Patógenos mortais têm se desenvolvido em cursos d’água por todo o planeta graças às novas condições de temperatura criadas em decorrência do aquecimento global. No Dia Internacional Contra a Mudança Climática, conheça melhor esta temível co-relação.
Um homem de 77 anos morreu em 21 de julho de 2025, em Bay St. Louis, no estado norte-americano do Mississippi, depois de arranhar a perna em um reboque de barco. A morte chamou a atenção quando se descobriu o culpado por trás do que parecia ser um ferimento rotineiro, mas foi progredindo tragicamente para uma infecção na perna arranhada causada pela bactéria Vibrio vulnificus. Ele é um dos vários casos de infecção que ganharam as manchetes nos últimos tempos.
A bactéria causa bolhas na pele que se espalham rapidamente, danificando o tecido e podendo levar rapidamente à sepse, amputação e até mesmo à morte. Cerca de 150 a 200 dessas infecções graves, mas raras, ocorrem anualmente nos Estados Unidos, e uma em cada cinco pessoas morre poucos dias após a infecção, de acordo com os Centros de Controle de Doenças.
Mais conhecida como bactéria devoradora de carne, a V. vulnificus se desenvolve em águas mornas e salobras – aquela onde a água salgada e a doce se encontram.

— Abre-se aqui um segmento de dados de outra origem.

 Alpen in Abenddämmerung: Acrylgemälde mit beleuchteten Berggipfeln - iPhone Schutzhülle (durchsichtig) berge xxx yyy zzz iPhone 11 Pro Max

Nos Estados Unidos, esses casos costumavam ocorrer principalmente nas águas do sul, ao longo da costa do Golfo da Louisiana e da Flórida, mas agora estão sendo documentados em locais tão ao norte quanto Connecticut, Massachusetts e Nova York. Ao longo das costas do Golfo e do leste, as infecções documentadas aumentaram oito vezes nos últimos 30 anos.

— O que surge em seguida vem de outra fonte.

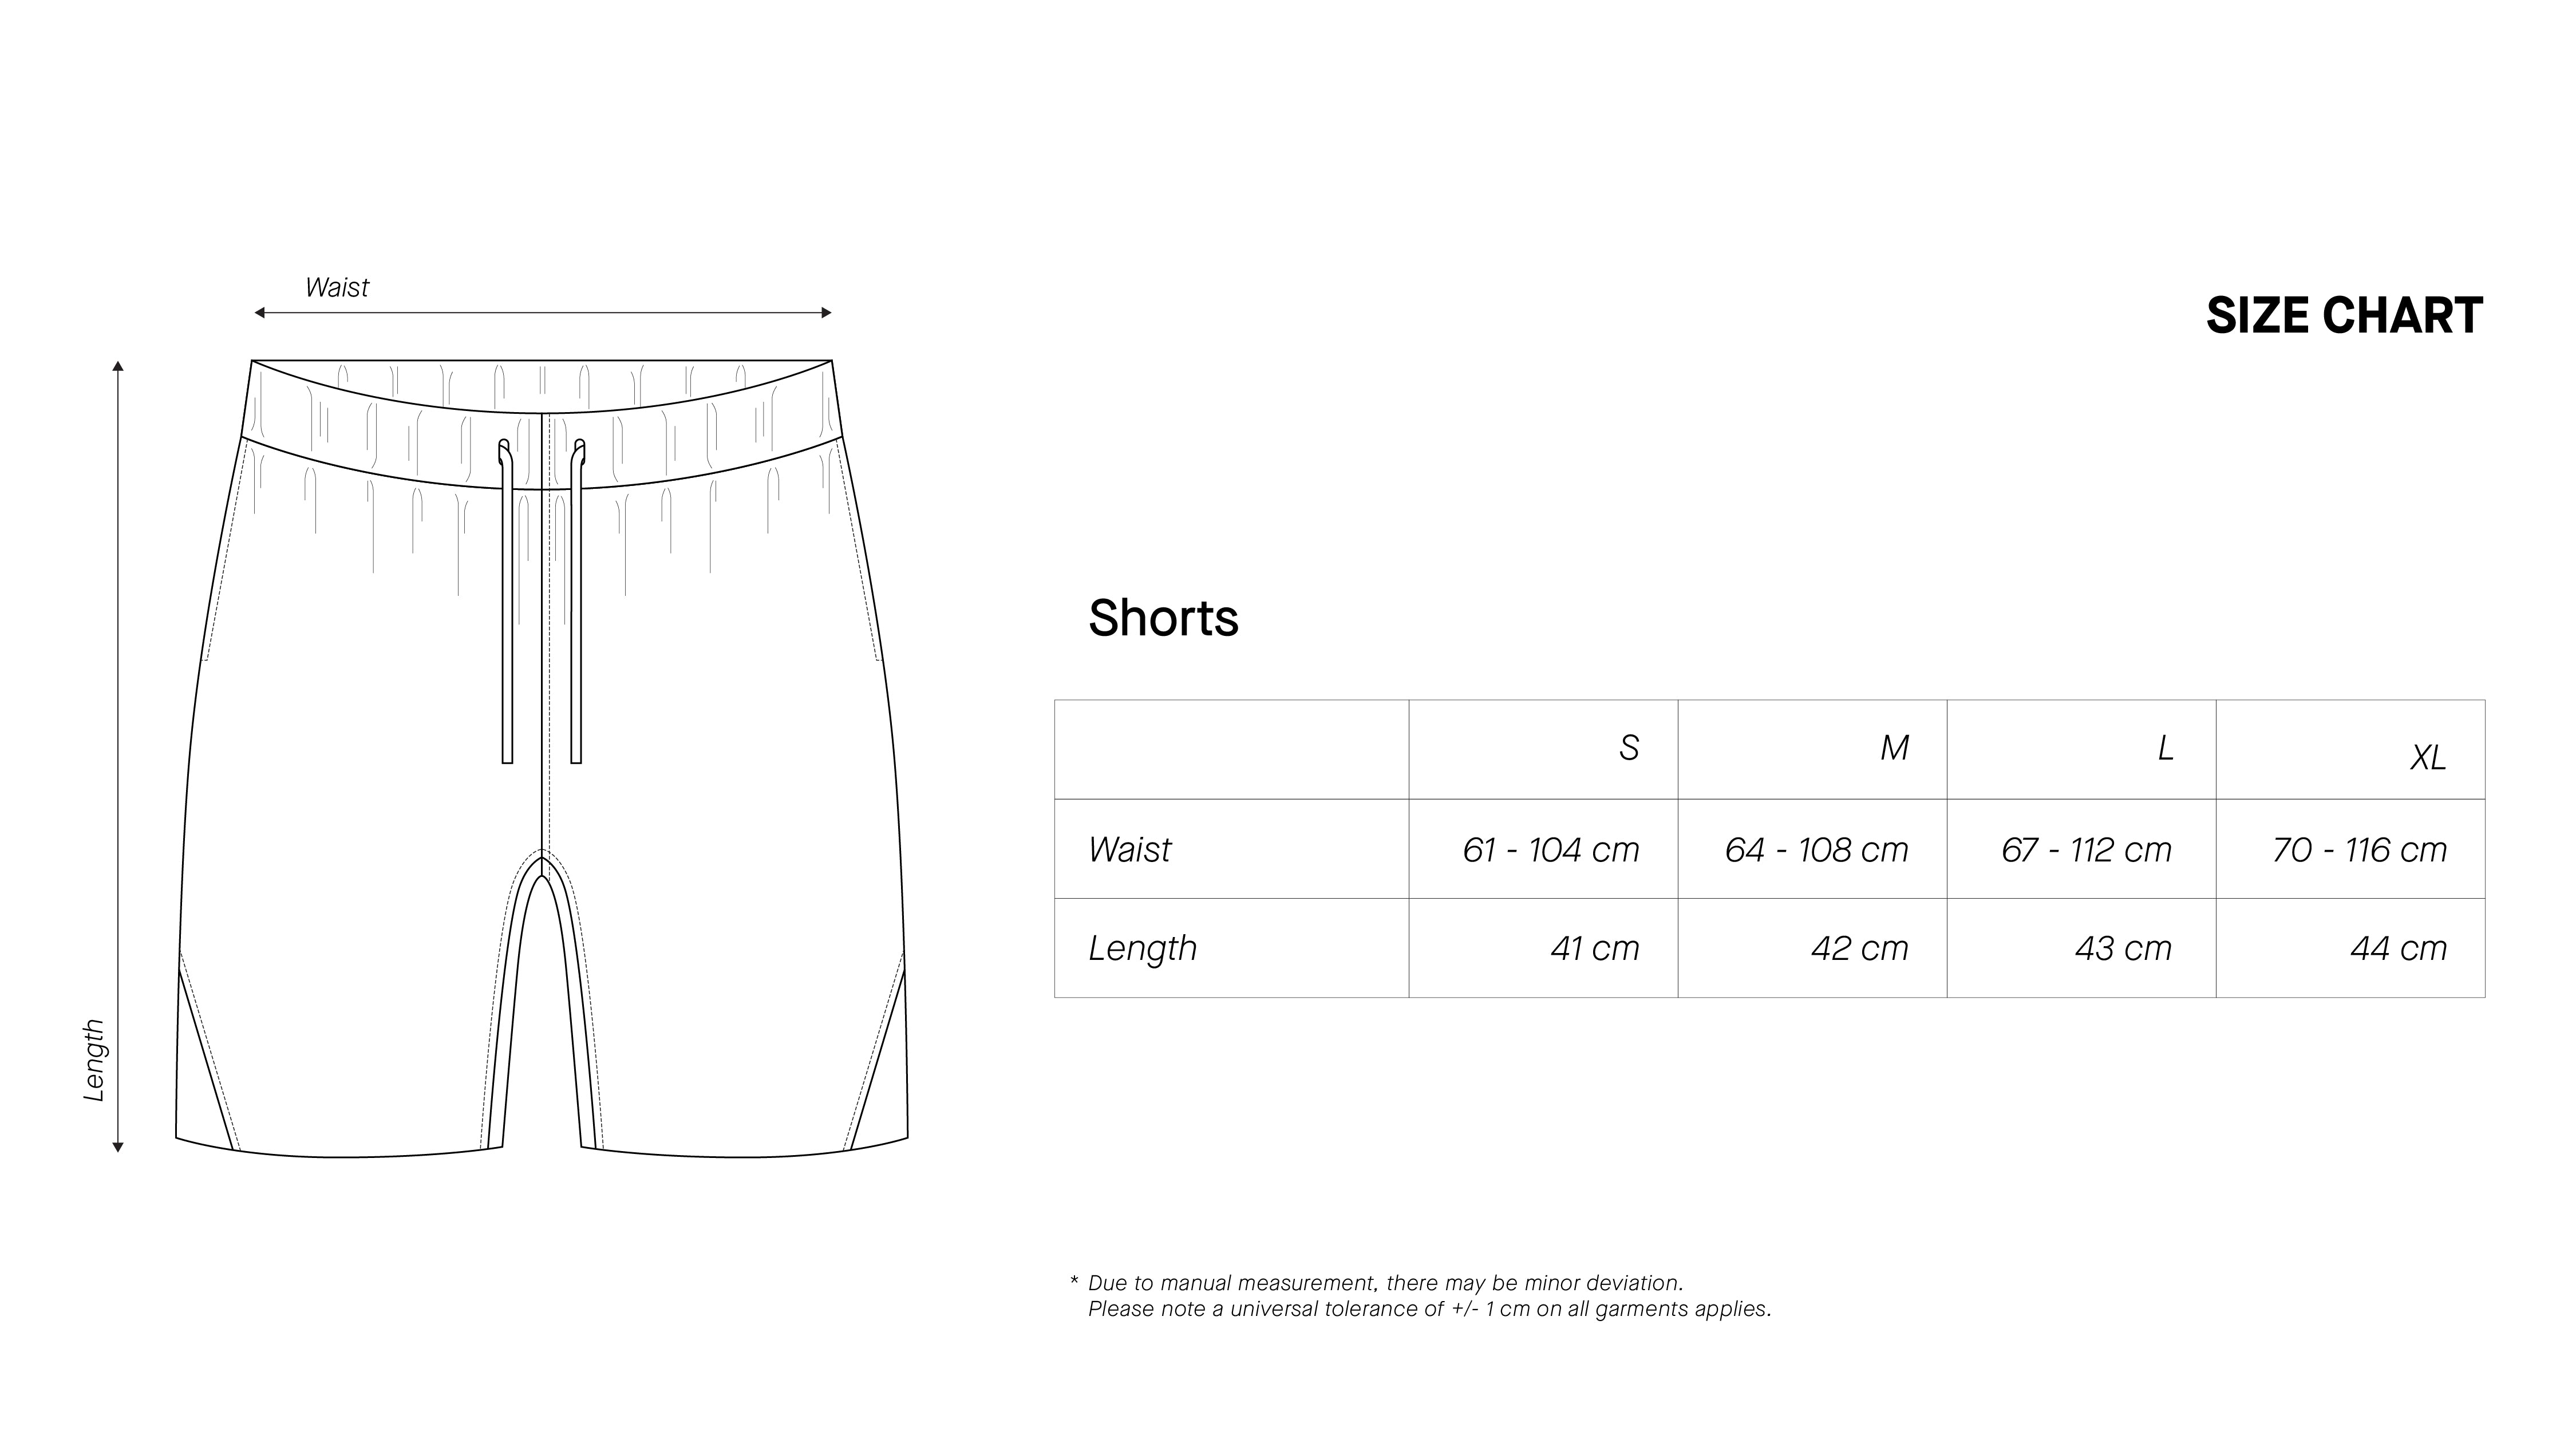 Shorts - Marrow

A água salobra, como a encontrada em algumas zonas úmidas, pode favorecer o crescimento de certos micróbios que se desenvolvem em condições quentes e ricas em nutrientes.
Foto de Stefania Pelfini la Waziya, Getty Images
“É a doença transmitida pela água mais cara dos Estados Unidos, porque leva à amputação e à morte, e o tratamento médico é sempre difícil”, diz Jan Carlo Semenza, epidemiologista da Universidade de Umeå, em Estocolmo, na Suécia. Em 2023, ele escreveu um artigo no “The New England Journal of Medicine” que destacava a ligação entre temperaturas mais altas e duas espécies de Vibrio, a bactéria leptospira e um parasita chamado cryptosporidium.

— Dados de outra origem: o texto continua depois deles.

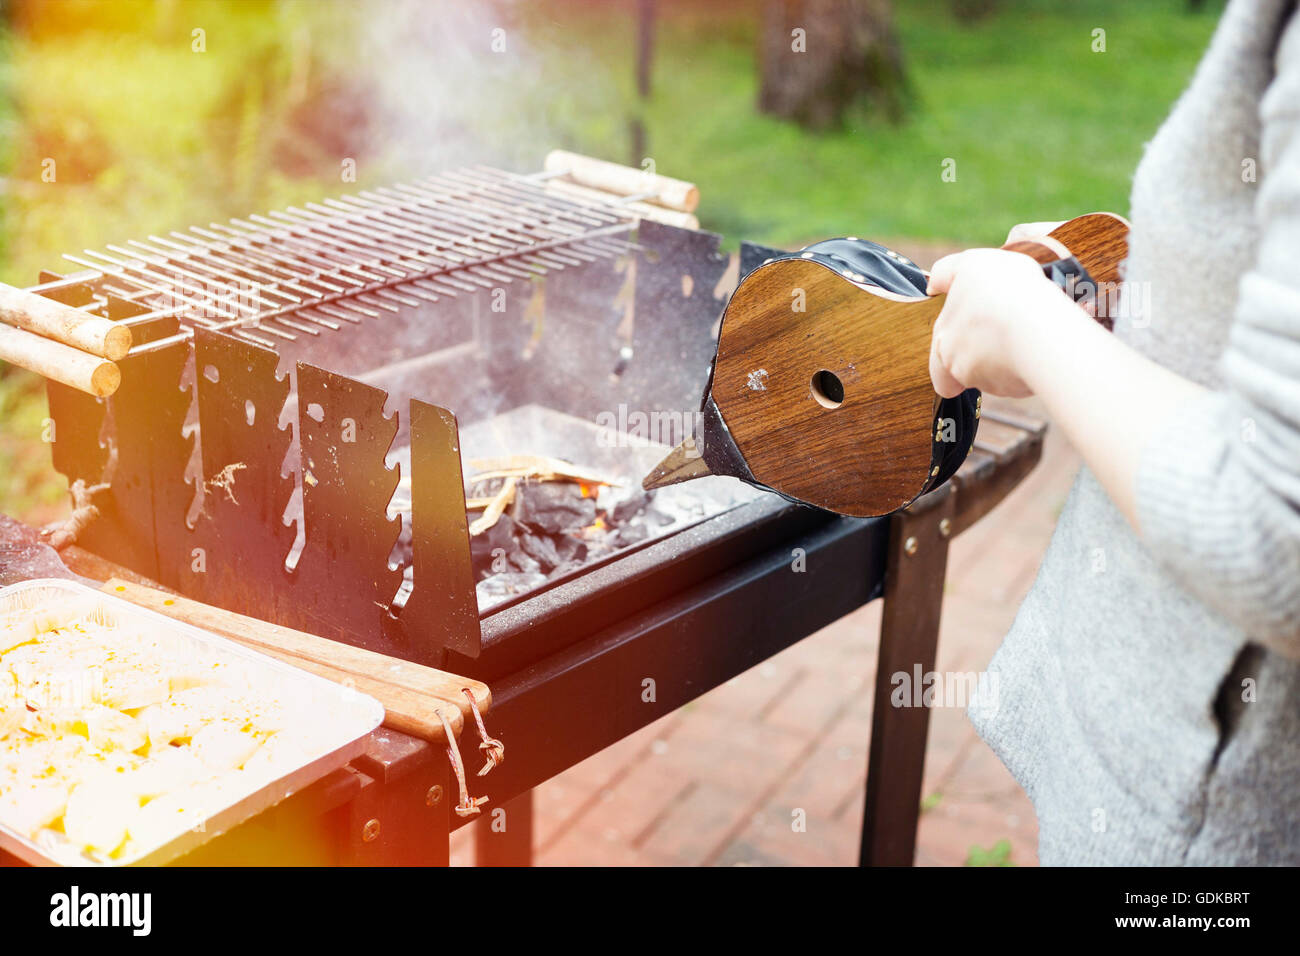 Eine Sommer-Grillparty vorbereiten Holzkohlegrill. Lifestyle-Bild, natürliche leichte, flache Schärfentiefe, leichte Undichtigkeit. Stockfoto

Diante do aquecimento da temperatura do planeta, National Geographic aproveita o Dia Internacional Contra a Mudança Climática, criado pela Organização das Nações Unidas (ONU) e celebrado anualmente em 24 de outubro para contar melhor como a mudança do clima está favorecendo patógenos mortais aos seres humanos.

A vila de Fort Myers Beach, na Flórida, vista em 1º de outubro de 2022 após ser atingida pelo furacão Ian. Depois da tempestade que se seguiu ao fenômeno, houve um aumento acentuado nos casos de Vibrio vulnificus, com 28 casos e sete mortes no estado norte-americano, segundo dados do estado.
Foto de Johnny Milano, The New York Times, Redux
Por que as infecções aumentam quando as temperaturas ficam mais quentes?
O artigo de Semenza faz parte de um crescente conjunto de pesquisas que mostram como alguns patógenos aquáticos estão se tornando mais comuns e se espalhando para novas áreas à medida que as temperaturas globais aumentam. Os cientistas também suspeitam que as temperaturas mais altas estão mudando nossa exposição ao risco, criando uma maior demanda por ar condicionado e mais tempo gasto em cursos d’água (como rios, lagos, lagoas, etc) arriscados.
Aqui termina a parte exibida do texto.